Gründe hierfür sind die weiter reichenden internationalen
Netzwerke dieser Unternehmen und die größere Erfahrung bei Fragen der Zulassung und Vermarktung in den
USA. Für die mittelständischen Unternehmen gilt es
jetzt, die neuen Herausforderungen anzunehmen und
die Chance zu nutzen, sich mit veränderten Strukturen und Tätigkeitsschwerpunkten zu positionieren.
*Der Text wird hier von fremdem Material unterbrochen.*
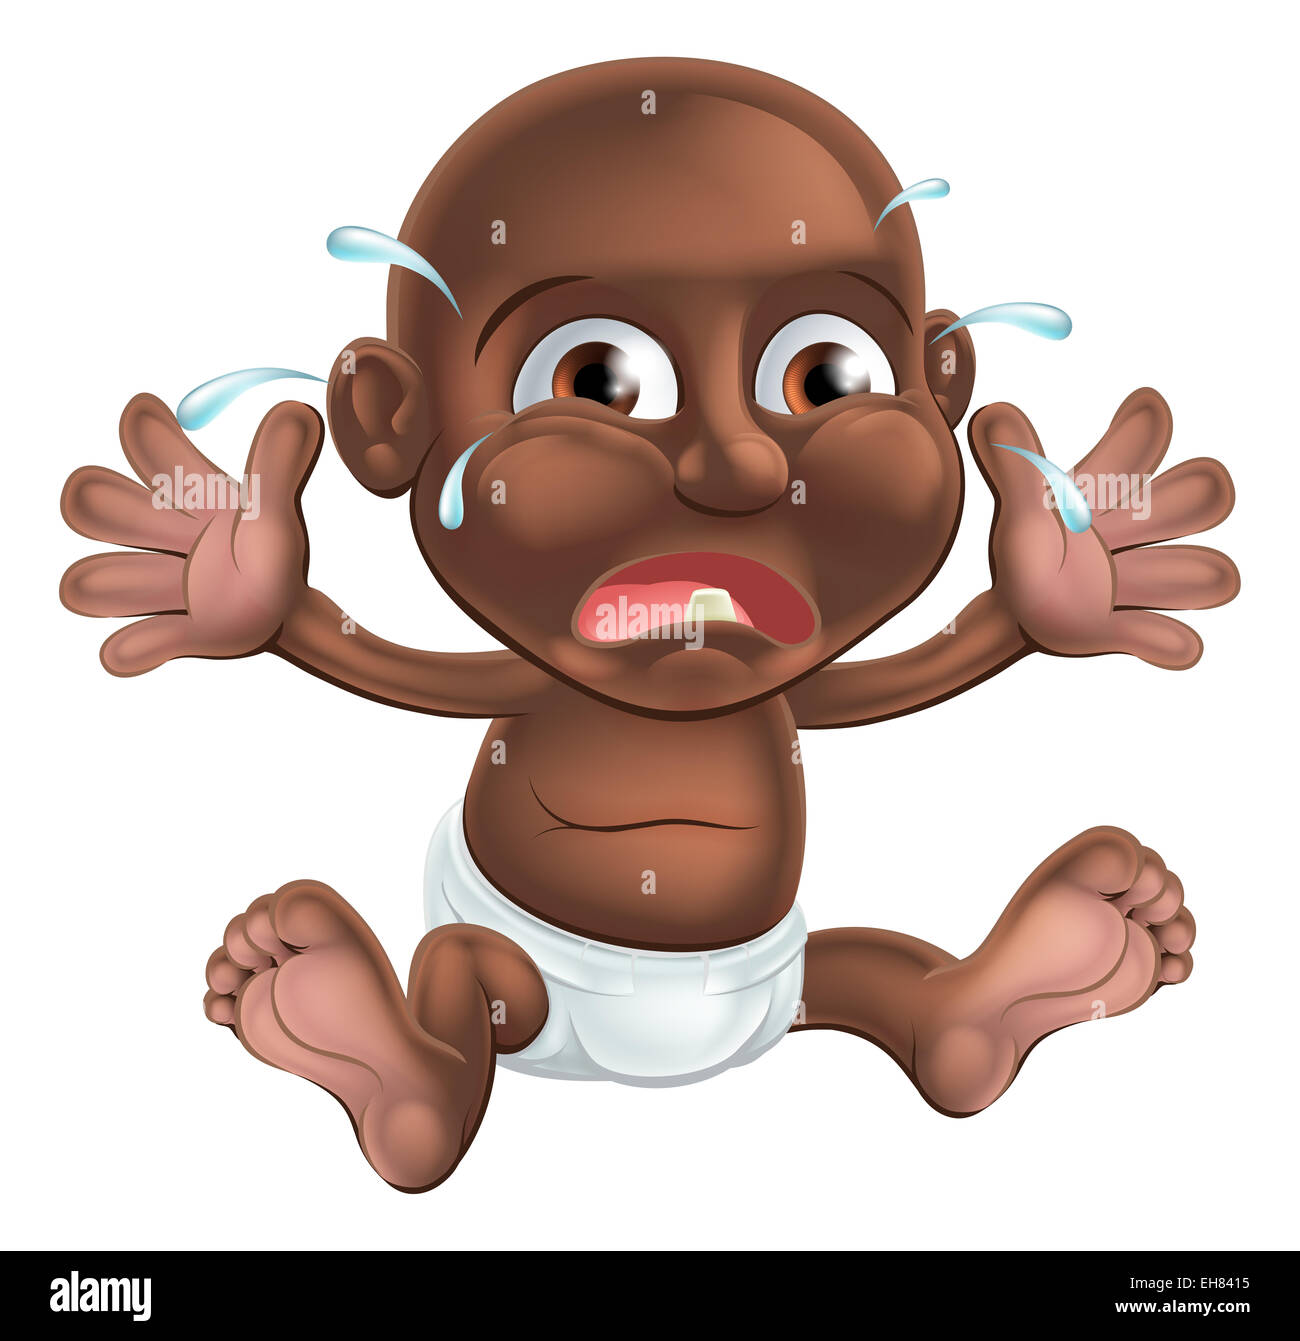 Une malheureuse pleurer bébé cartoon, dentition probablement car il a une dent montrant Banque D'Images

Hierzu wird es in einem ersten Schritt notwendig sein,
sich den neuen Entwicklungen gegenüber offen zu zeigen,
Interesse an den neuartigen Technologien zu entwickeln
und dann über Kooperationen oder Know-how-Aufbau aktiv
zu werden. Es gibt bereits mittelständische Pharmaunternehmen, die es vor einiger Zeit wagten, in diesem neuen
Segment tätig zu werden und mittlerweile Erfolgsgeschichten schreiben. Es ist zu hoffen, dass diesem Beispiel viele
Unternehmen im Sinne der Förderung sowohl des etablierten Mittelstands als auch der jungen deutschen Biotechnologie folgen. Der Erfolg wird mehr und mehr davon bestimmt sein, wie sehr ein Unternehmen fähig ist, Partner einzubinden und so ein Netzwerk von Unternehmen zu koordinieren, welches in seiner Gesamtheit das Ziel verfolgt,
innovative und spezifische Produkte zum Wohl der Patienten zu erforschen, zu entwickeln, zu produzieren und
schließlich zu vermarkten. Die Rolle des Koordinators kann dabei aufgrund der komplexen Erfahrungen mit der
Entwicklung, Zulassung und Vermarktung von Arzneimitteln insbesondere von etablierten mittelständischen Unternehmen übernommen werden.
07
Bestandsaufnahme
Mittelständische
Pharmaindustrie
und Biotechnologie –
eine
Bestandsaufnahme
Die Herausforderungen für die deutsche Pharmaindustrie
und vor allem für den pharmazeutischen Mittelstand werden immer größer. Um dem Druck von Markt, Wissenschaft und Wettbewerb auch zukünftig standzuhalten, benötigt die mittelständische Pharmaindustrie,
genauso wie die Großen der Branche, neue innovative Produkte oder zumindest Teilhabe daran. Dies
kann im wesentlichen durch Kooperationen gelingen, zum
Beispiel mit Unternehmen aus der Biotechnologie.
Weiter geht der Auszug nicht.